We have been trying to get the DNR and Wayercraft division to change to idle only. The last meeting showed exceptional support for it and a weak showing against but it was apparently tabled. It is mostly the sailboat club at the lake that fights it tooth and nail. They don't want to loose the private playground. But you will also see them using 40 hp + outboards as they have a permit. 

So, if you have an engine larger than 10 hp you will need to use your to move around the lake.


----------



## crappiedude (Mar 12, 2006)

I do know that last year it was still posted as a 10 hp restricted lake.
Cowan lost the battle to go unrestricted because the sailboaters association put up such a stink and reversed the decision to go unrestricted on this lake. Some how it doesn't seem quite right to me that the state caters to this one private group on waters that are deemed as public.
You can probably call the park office and get a more official answer.

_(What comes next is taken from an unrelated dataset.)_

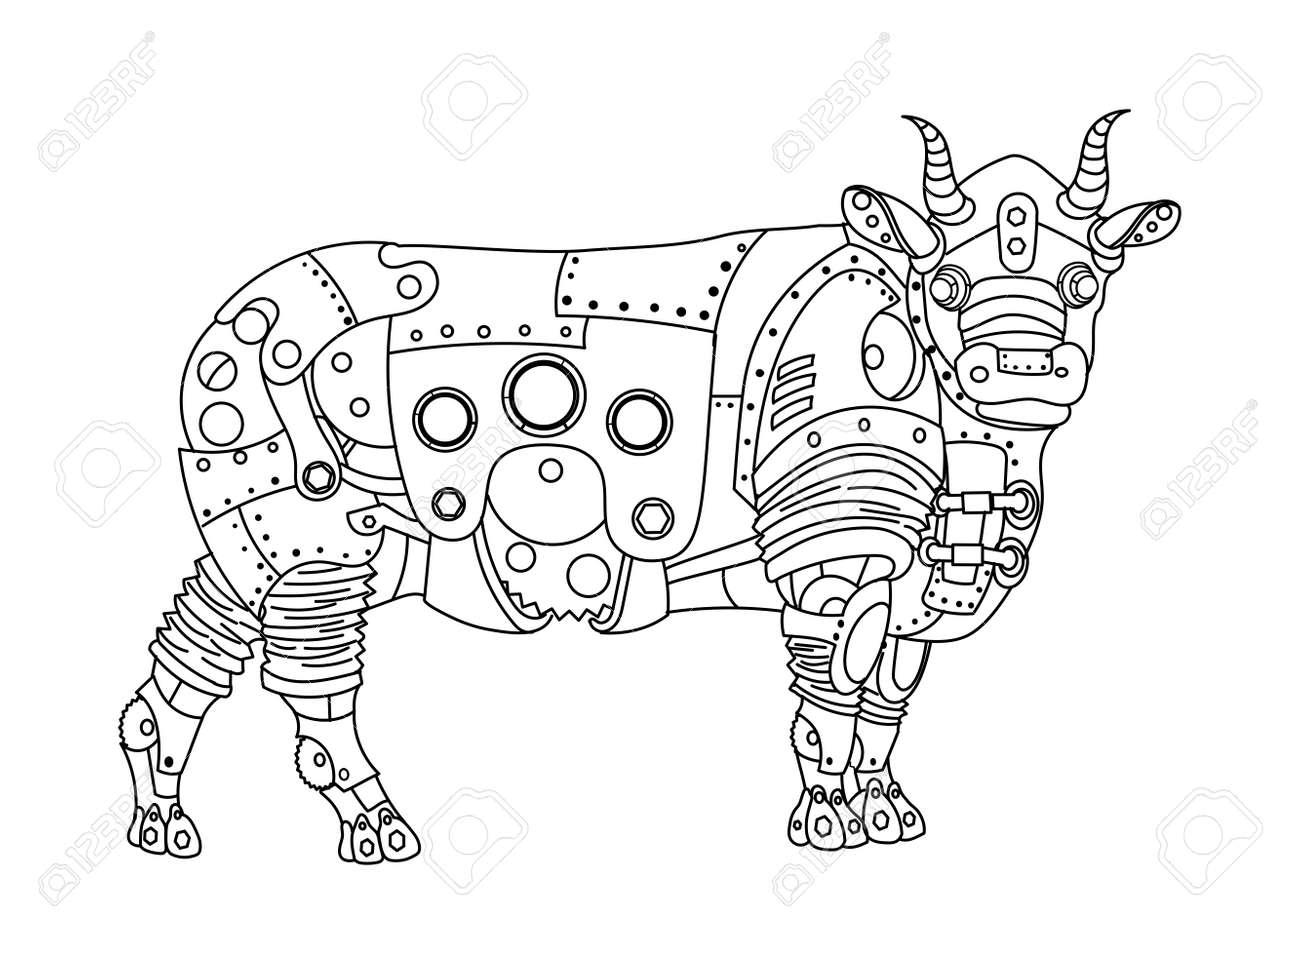 Coloriage Animaux Taureau.Steampunk Style Taureau Animal Mecanique Livre De Coloriage Pour

My bet is it's still a HP restricted lake.

Please keep us posted.

As musky Fan pointed out the sail boat club isn't restricted and neither is the marina. Yesterday we were watching as a pontoon with a 150 was doing a test run. Something just isn't right out there....been that way for years.


----------



## garhtr (Jan 12, 2009)

If there was a change I certainly missed it and if there's a sign posted I certainly walked right past it without noticing it on Friday. Everything I've read says 9.9 HP limit.
Good luck and Good Fishing !


----------



## BrettSass844 (Apr 25, 2017)

Thanks for the info. Just booked a campsite at Indian Lake Monday - Thursday.

That's odd that the sailboat club and marina are exempt. Some of these 9.9 lakes need to get on board here...


----------



## MuskyFan (Sep 21, 2016)

The marina has a permit for Mon-Fri only. It's where the test the boats they sell at the dealership up the street. The sailboat club runs them even on weekends. 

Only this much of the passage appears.